# Feeling used and confused!!!!



## rufio25 (Jun 20, 2010)

To start I am not really considering divorce or separation however things in my marriage are not positive.

Let me give you an overview of my relationship past and present. My wife and I have been together for around 15 years however married for 6. We met when we were in high school and had a very bumpy, on and off, relationship all the way through high school. I was not the greatest man towards her as I was young and stupid. I cheated on her, did not show express or show my love towards her or made her my main priority. My selfishness really affected my relationship and her feelings towards me. Even though I had all these faults she stayed by my side. When we turned 18 we had our first child together. A few years later my wife was fed up and fell out of love with me. Of course because of our troubled past she left me with her having no emotional attachment with me.

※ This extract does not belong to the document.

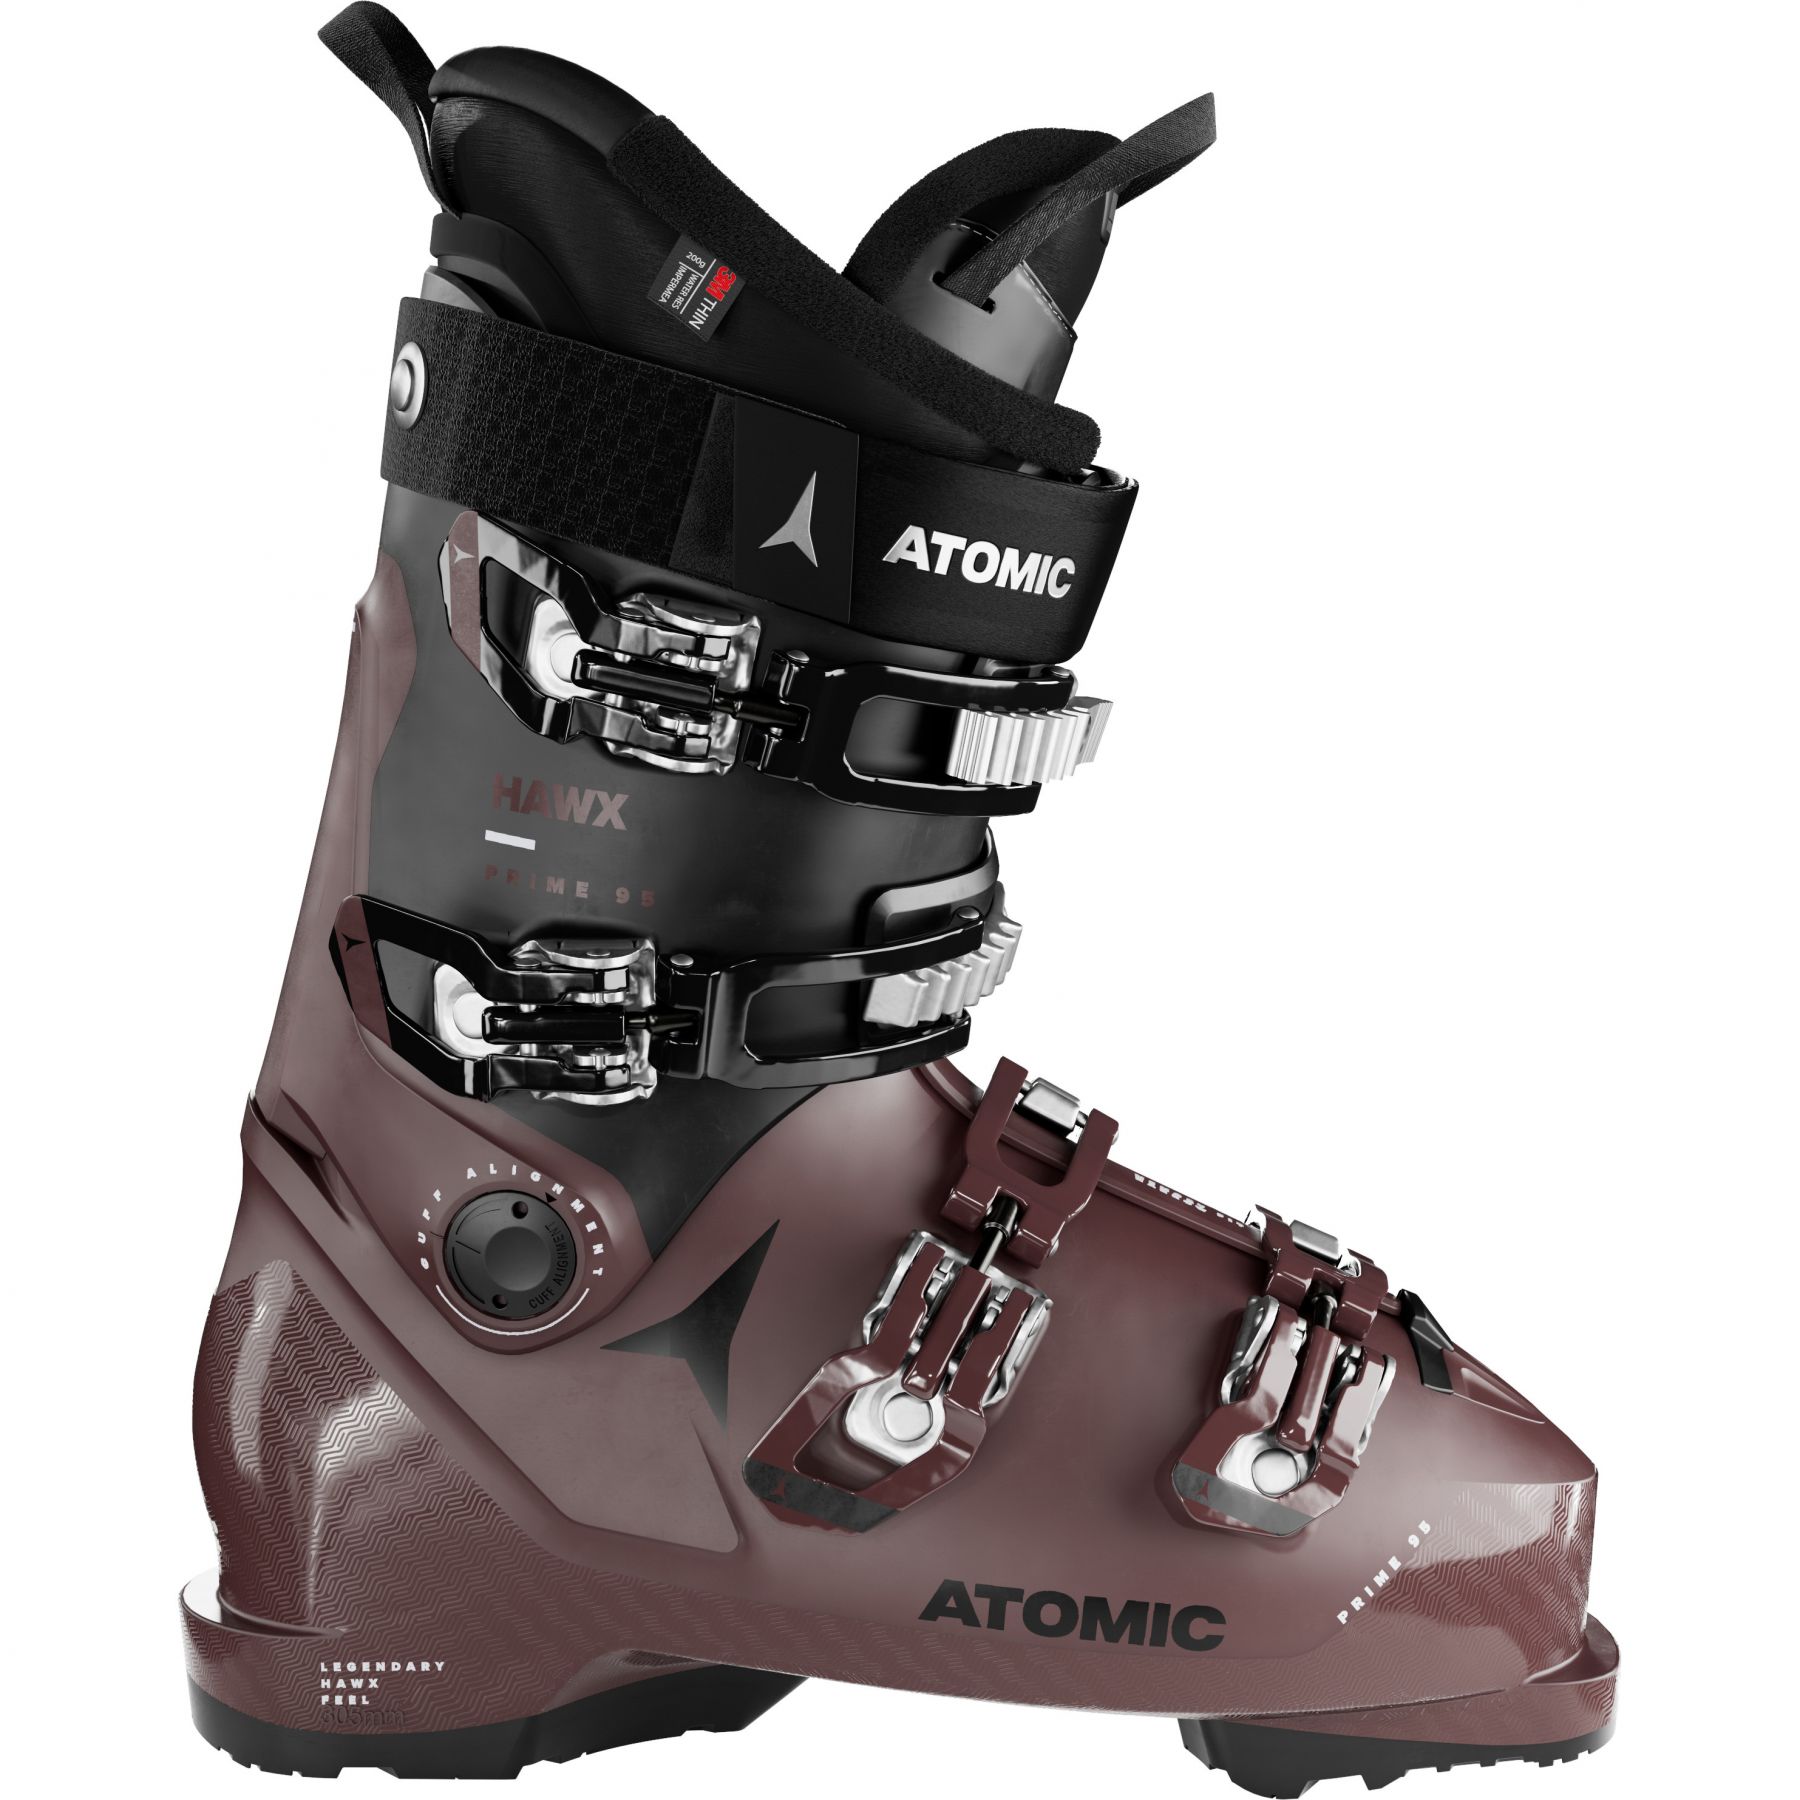 Billede af Atomic Hawx Prime 95 W GW, skistøvler, dame, brun/sort

However after being seperated for around 6 months she expressed how she wanted to get back together. However she still was not crazy about me like she once was but wanted me to be patient as she felt confident those feelings would change overtime. I vowed to change as a man and her partner because our relationship meant so much to me.

In 2004 we got married and had our second child. During the past 10 years of our relationship I have been fully faithful to my wife. I have had almost no interaction with any other females and have been totally dedicated to our family. 3 years ago we had our third child together. The last ten years have not been smooth sailing. We still had our issues within our marriage and relationship. Problems ranging from sexual interaction, financial problems, stress from our jobs and kids, arguing over issues (majority stupid) have put a strain on our marriage. 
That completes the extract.